Do you know what the average age of first sexual intercourse is in the USA? I didn’t! It’s 16.7; but I guess that depends on what the definition of “Is” is… The speaker recommended a book to start this journey on positive/holistic sexuality with your child titled, “It’s Not the Stork” by Robie H Harris for 4-5 year olds. If your child hasn’t been curious about sex by the age of 7, this is a good way to start the conversation.

The Groom returns home today triumphant! He was just published in the New England Journal of Medicine as the lead author in a study on the use of saline vs balanced crystalloids in the ICU. He’s been interviewed on our Nashville NPR station and the local news programs, and if that’s not sexy. I mean. It’s like winning the Oscar in medicine!

I remember the Bride twirling around at 3 in her twirly skirt, saying, “sexy” over and over again. I asked her what sexy means, and she said “Beautiful!”

My favorite flowering tree, the tulip magnolia, is in bloom and spring is in the air.  IMG_2318

 

David, David, David

What a weekend! I got my hair cut just a bit shorter a la Helen Mirren, and one of the Bride’s friends from medical school flew into town with her little boy. She is an Ob-Gyn physician who was recently certified to perform Sex Reassignment Surgery (“SRS -also known as gender reassignment surgery, gender confirmation surgery, genital reconstruction surgery, gender-affirming surgery, or sex realignment surgery).” I am so proud of her!

I remembered this feisty red-headed friend had always been ahead of her time – she started a group in school to push for LGBT rights, she once gave me a button to wear, “Straight but NOT narrow.” She writes the loveliest thank you notes. She and the Bride had (and still have) yoga in common, and if you’ve been following this blog for a long time, you might recall when I helped her pick out a rescue dog!

Her adorable son played hard with my two Grands and it was sad to see them go home yesterday.

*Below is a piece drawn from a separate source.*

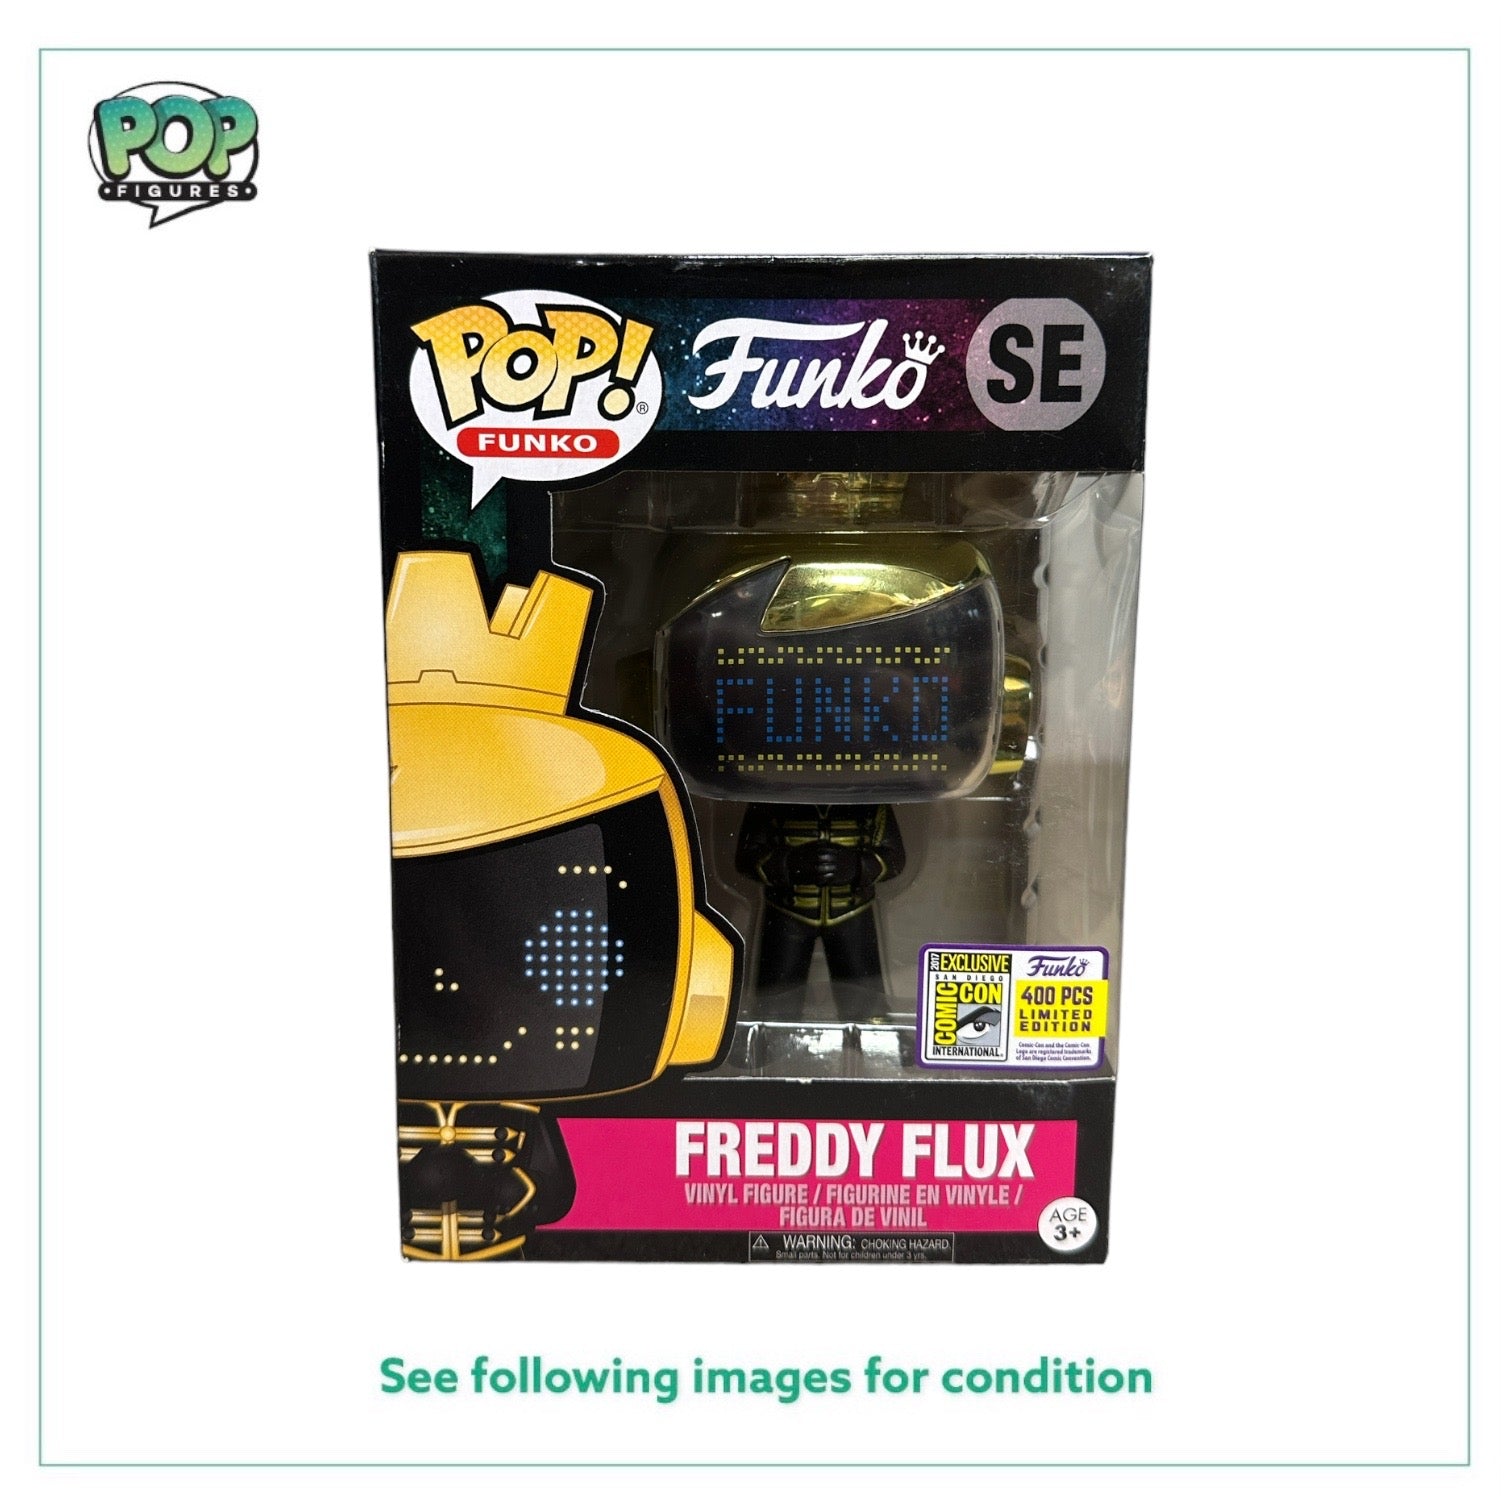 Freddy Flux Quantum Funko Pop! - SDCC 2017 Exclusive LE400 Pcs - Condition 7/10

But sadder still was our Saturday sojourn to Parnassus Bookstore to hear David Frum talk about his new book, “Trumpocracy.” Frum was actually quite enlightening, it was the topic that reeks of despair. He called himself a Conservative, and deplored the dire direction Mr T has taken our democracy; we are a nation more divided than any time in the history of keeping statistics for such things. The one take-away for me was when he started to talk about “political language.”

If you’ve seen the video of Marco Rubio dancing around the question about his willingness to take NRA money, you know what Frum was talking about. Politicians never, well almost never, give you a straight answer. They equivocate, they zig-zag, they dodge, they prevaricate. We might also say that lying has become a new normal, thank you Ms Conway. Look at all those indictments, thank you very much Mr Mueller. But what Mr T has done is cornered the market on plain talk. He gave Yes, and No answers, he “appears” to be truthful to his supporters. He got tons of free press, always eager for the spotlight. His appeal was his political ennui.

Perhaps the very darkness of the Trump experience can summon the nation to its senses and jolt Americans to a new politics of commonality, a new politics in which the Trump experience is remembered as the end of something bad, and not the beginning of something worse. Trump appealed to what was mean and cruel and shameful. The power of that appeal should never be underestimated. But once its power fades, even those who have succumbed will feel regret.  https://www.theatlantic.com/politics/archive/2018/01/frum-trumpocracy/550685/

Frum makes the case that we need Conservatives to survive, and I would have to agree, we do need their yin to our yang, pulling us closer to a middle way. Or maybe we need a third party? Finding consensus is our only hope, since patriotism is a bi-partisan emotion that is very different from the fear and anger spewed by a small percentage of white-nationalist-identity politicians.

Maybe the GOP would benefit from a little early morning healing, meditative yoga? Namaste.